Ника
Сегодня прохладно, но к обеду точно распогодится. Мы с Раяной вместе идем в «Прогресс». Она что-то читает в телефоне, периодически посматривая под ноги, а я осматриваюсь по сторонам в поисках знакомого автомобиля.
Жизнь вокруг Самсонова продолжает кипеть. В стенах университета Ян больше не появлялся, но его машину часто можно было увидеть припаркованной у бара или ресторана. В моем воображении Самсонов всегда находился там с девушкой. Умирая от ревности, я никогда не входила в заведения, чтобы в этом убедиться. Оставляла немного сомнений. Многие спросят — почему? Наверное, потому что боялась. Боялась поставить окончательную точку в нашей истории.
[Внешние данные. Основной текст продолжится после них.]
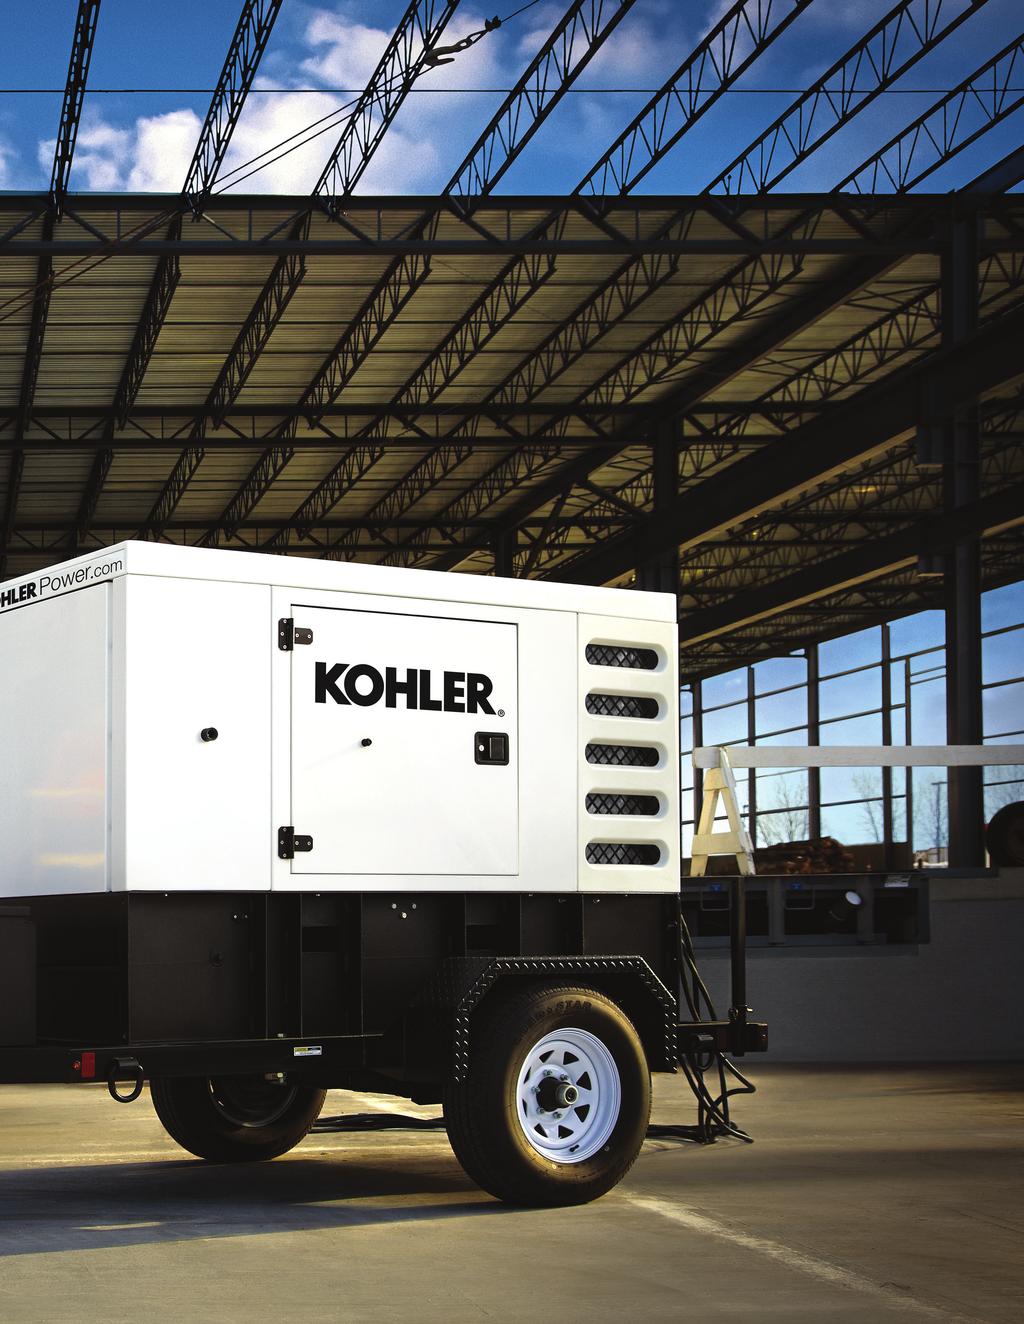 TOUGH TO THE CORE. GOES ANYWHERE YOU WANT. Quiet, reliable KOHLER mobile generators give you dependable power anywhere, from remote construction sites to public events to storm recovery.

Разлука не притупляла боль, не истончала моих чувств к Яну. Любовь не так просто убить. Умом я понимаю, что мы разные, что между нами случилось слишком много плохого, вряд ли это удастся забыть, но сердце тоскует и плачет по любимому человеку, оно подкидывает в топку сладостные воспоминания, которые сильнее разжигают чувства. Ты ощущаешь тоску по человеку, его запаху, его заботе, его прикосновениям…
Днем кажется, что жизнь продолжается. Ты куда-то спешишь, что-то делаешь, вокруг тебя суета, а потом наступает ночь, ты ложишься в свою одинокую постель и пытаешься заснуть…
Ян не напоминал о себе несколько дней. Никак не отреагировал на то, что я проигнорировала его сообщение, хотя я ждала какой-то колкой фразы, даже в черный список не стала отправлять его контакт. Можно было подумать, что он вычеркнул меня из своей жизни, но я почти не сомневалась, что перед гонкой он о себе напомнит. А может, он пригласит ту девушку, с которой ходит по ресторанам? Я ревновала и ненавидела себя за это.
Мы с Раяной входим в университет. Замечаю, что парни провожают нас заинтересованными взглядами, хотя мы одеты скромнее всех девчонок. Стоит мне встретиться взглядом с кем-то из парней, как они тут же отводят глаза в сторону. Порой кажется, что каждый в «Прогрессе» думает, что я принадлежу Самсонову. Меня обходили стороной, в то время как с Раяной желали познакомиться, но она уходила от навязчивого внимания, умело пряталась в защитный панцирь. Мы понимали, где и с кем учимся. От этих мажоров лучше держаться подальше.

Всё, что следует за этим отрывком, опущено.